Abstract

The purpose of the present study is to consider a number of possible risks that may emerge when processed human wastes are involved into mass exchange processes as fertilizers for plants cultivated in the experimental model of the closed ecosystem (CEEM). The problems relating to the disruption of cycling processes in closed ecosystems can be tentatively divided into two groups: the problems that can be rather easily overcome and the chronic problems.

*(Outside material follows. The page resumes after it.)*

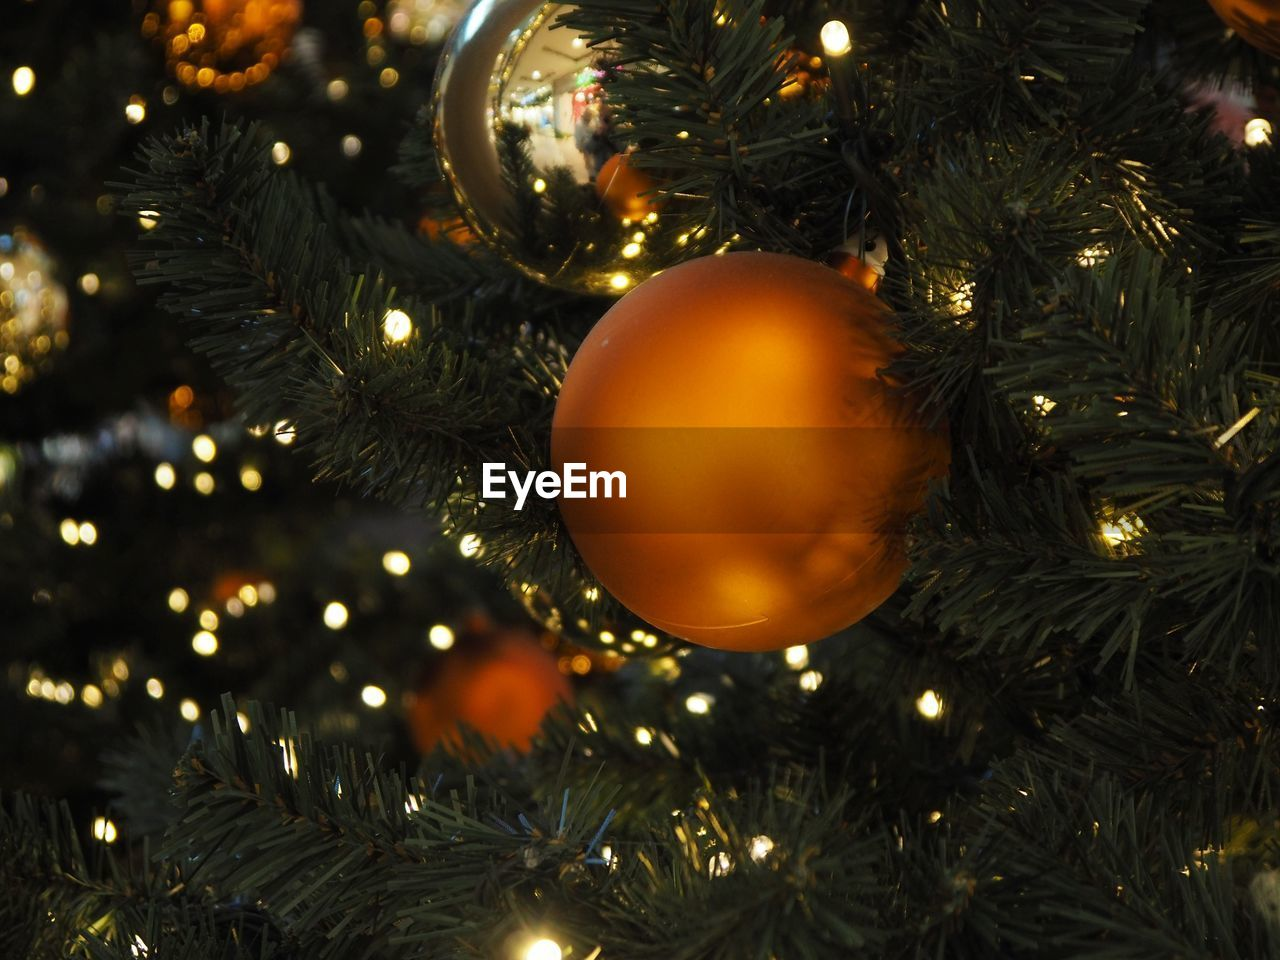 christmas, christmas decoration, christmas tree, celebration, holiday, decoration, christmas ornament, tree, illuminated, christmas lights, close-up, no people, celebration event, indoors, holiday - event, sphere, event, selective focus

Addition of plant inedible biomass to the soil-like substrate (SLS) can result in a decrease in plant productivity because of allelopathic interactions and enhanced growth of microorganisms. The 30% decrease in wheat productivity by the end of long-duration experiments in the CEEM, with plants grown on quasi-non-renewed solutions based on liquid products prepared by physicochemical mineralization of human wastes, was caused by lower resistance of the plants affected by toxicants accumulated in the solution because of incomplete mineralization of the wastes. The reason for the differences between the macronutrient inflows and outflows was that the donor of human wastes followed a European-type diet while the system produced only part of the plant-based diet. Moreover, macronutrients were partly sorbed in rooting substrates and became unavailable to plants: the substrates in the system retained about 50% of the Ca and 20% ÷ 25% of the Mg, Na, and P inflows over one cycle. These problems are temporary and can be minimized in the foreseeable future.